Maybe because most people using Firefox use it precisely because they don't want the browser vendor to track their behaviour?
I wonder how the Torbrowser folks will deal with this.
They get good enough data from the people that have volunteered it. I don't know what makes them think it's biased but I seriously doubt that is true.
Informed, constructive opinion there.
One clear sign of the bias is that the crash rate of the browser goes up massively every time a new version transforms from beta to release. Clearly, it's not renaming that string that makes the browser crash. The populations are just fundamentally different.
To give an obvious example, beta users are overwhelmingly more like to have up to date video drivers. (Which can be seen in crash reports, but is also very logical).
Most users do not care because they do not understand the true ramifications of their not caring. It is not like that looked at all the data, then made made an informed choice to share everything.
FF should be at the heart of caring for users privacy EVEN IF THEY THEMSELVES DO NOT.
The average person does not understand technology, how much data they are leaking about themselves and how this data can be used against their interests
Taking advantage of that ignorance for any type of gain is unethical IMO, most companies willfully exploit this collective ignorance Mozilla should be better than most companies.
Quite the opposite if the focus too much on the regular users they might get too much noise and never notice issues in the more complex features that only power users tend to use.
You want the heavy users of your product sending in reports not the average Joe because he is less likely to even notice a issue.

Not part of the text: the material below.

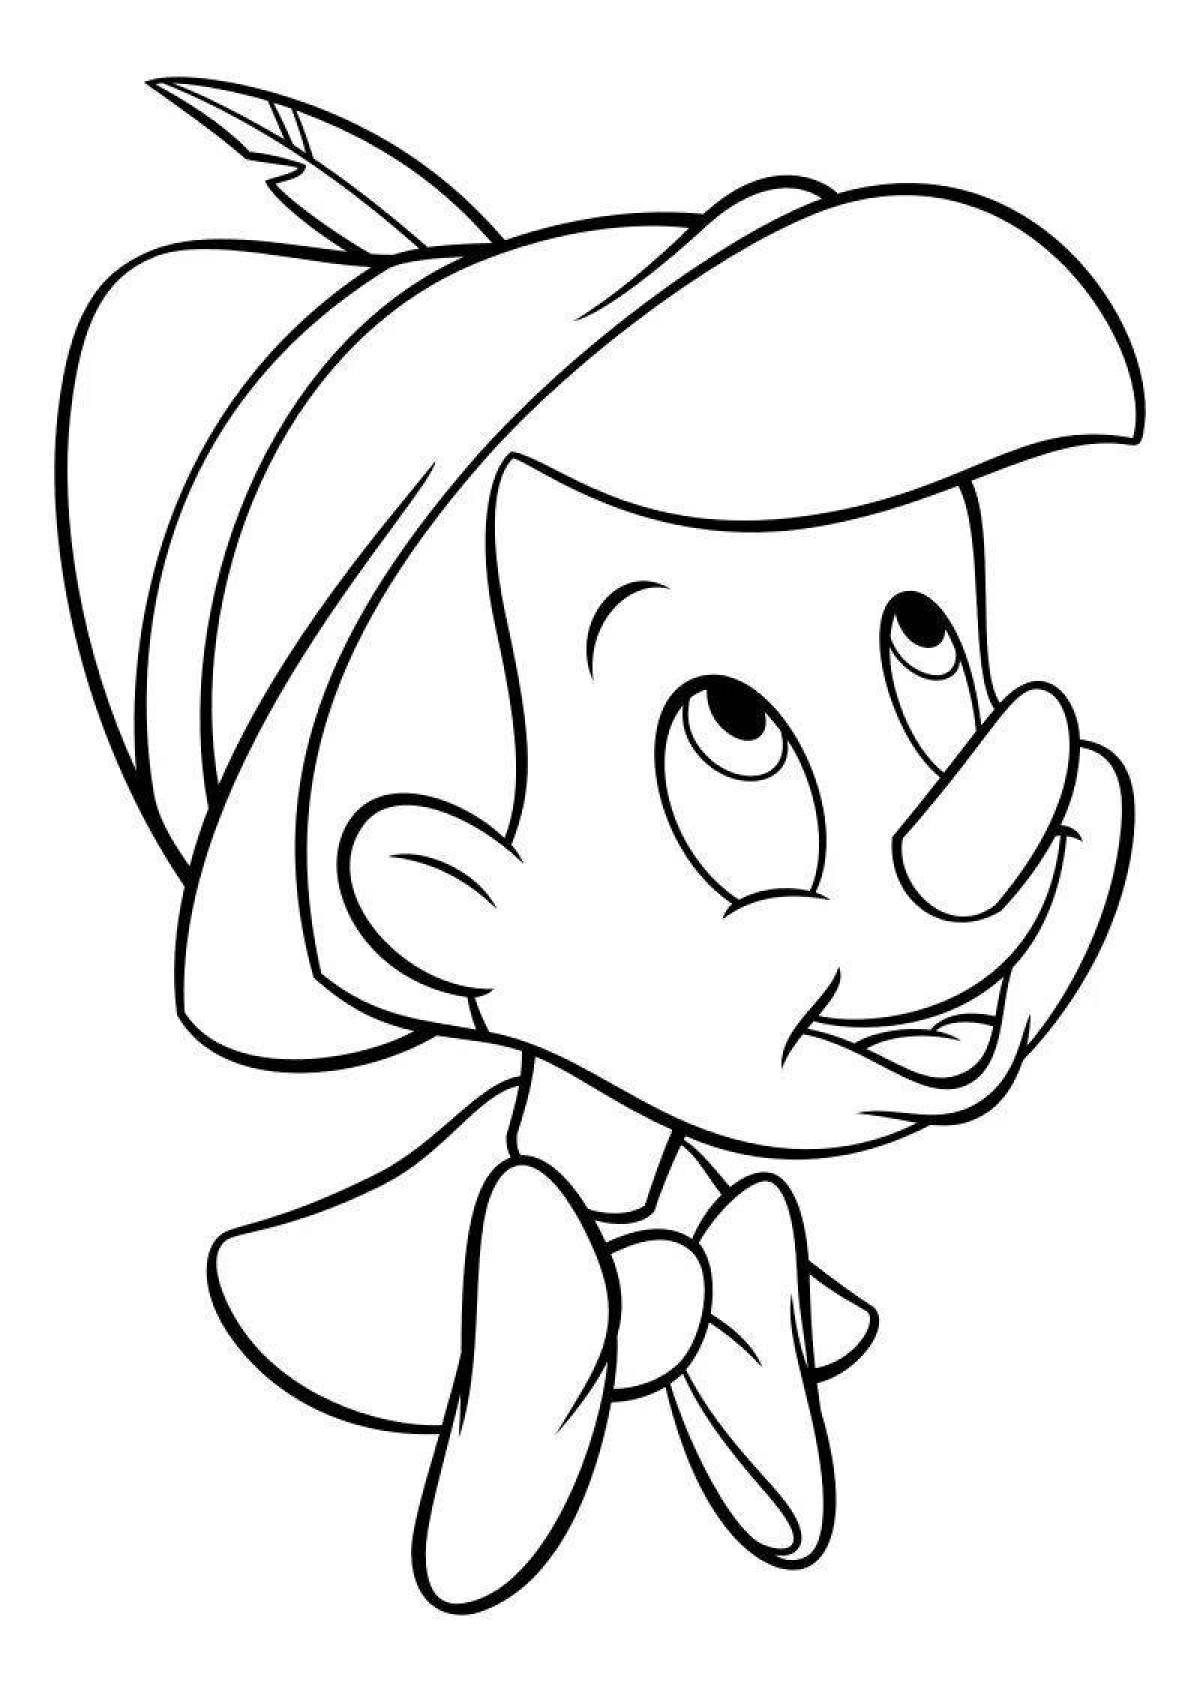 Adorable pinocchio coloring book for kids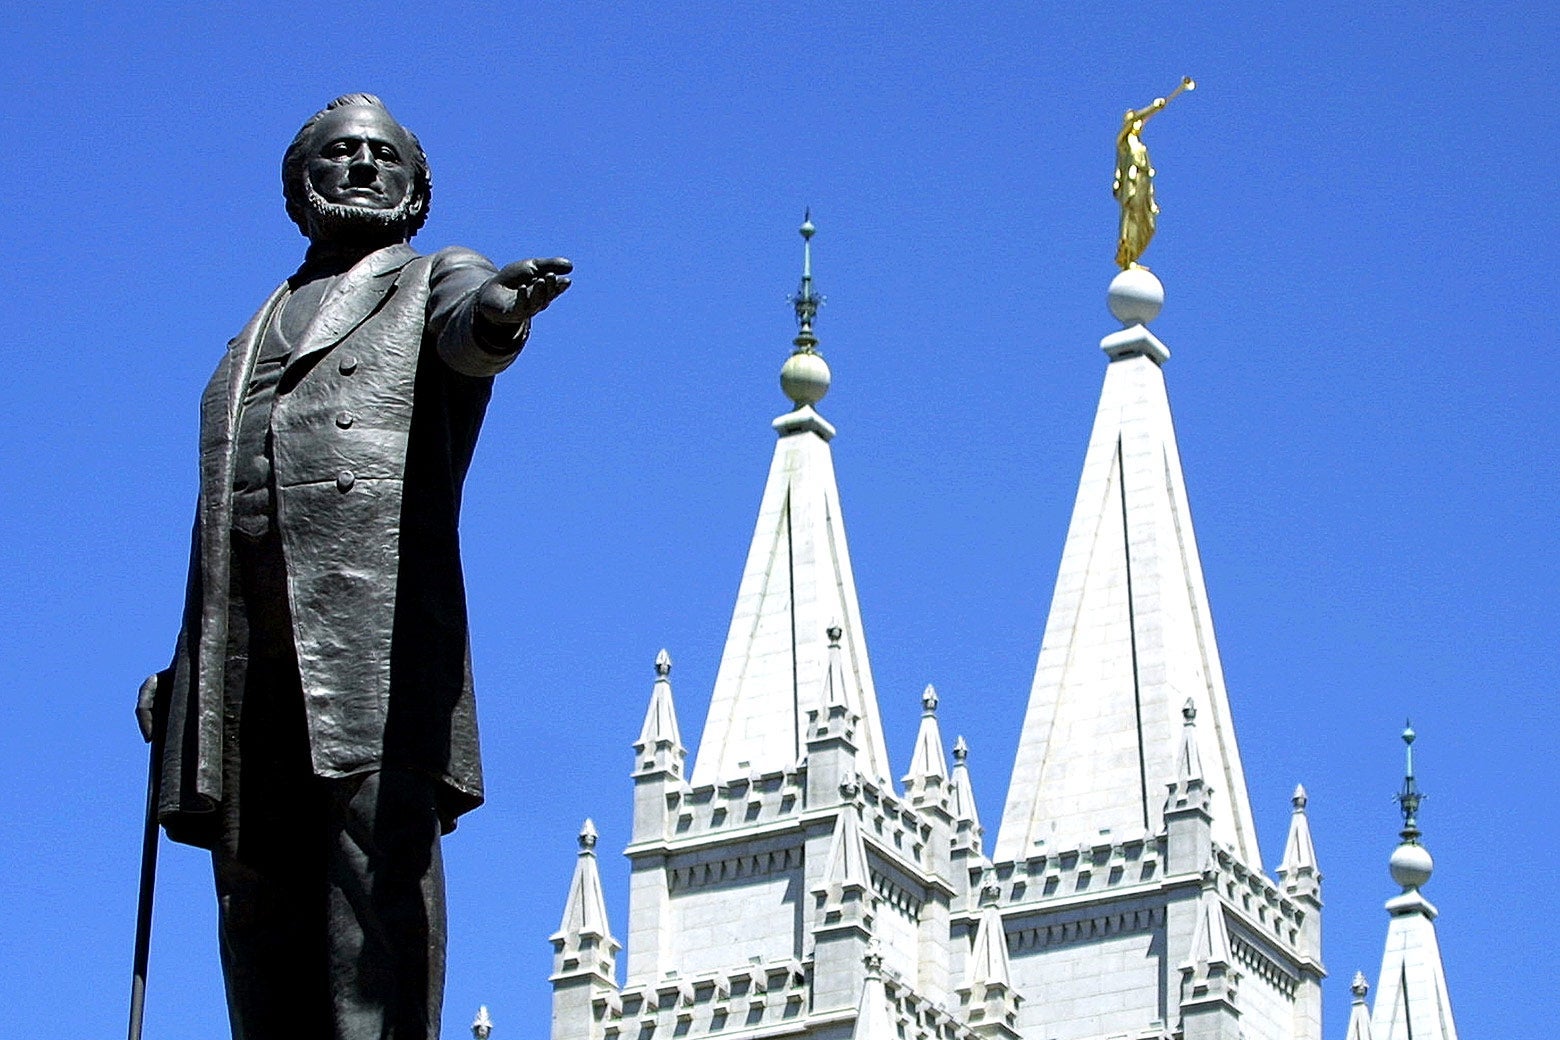 A statue of Brigham Young is seen beside a regal building.

Higher level features are less likely to be covered by tests and more likely to break just because of their complexity however you wont have many average people using them.
Former Opera people can tell a few stories there.
[EDIT: Firefox branding used to use the word privacy a lot. I can't find it on their website much at all anymore.]
Firefox doesn’t sell access to your personal information
like other companies. From privacy tools to tracking
protection, you’re in charge of who sees what.
Here’s how Firefox protects your privacy
For instance, from the same page 8 years ago: "we have experts around the globe working around the clock to keep you (and your personal information) safe."
Or this quote from the equivalent site 6 years ago:
"And, as a non-profit organization, protecting your privacy by keeping you in control over your personal information is a key part of our mission."
These users will be installing Chrome, not Firefox.
The switch barrier is non existent.
Most of the replies in this thread are ideological. Nobody is arguing CSS rendering speed comparisons and such.
People use Firefox because they like it.
People are irrational but like is huge. Toyota over Hyundai. Vacations at the sea instead of skiing. Firefox over Chrome.
The like is a habit, but if all things are equal and free, a very flexible one.
And this move will also drive them away.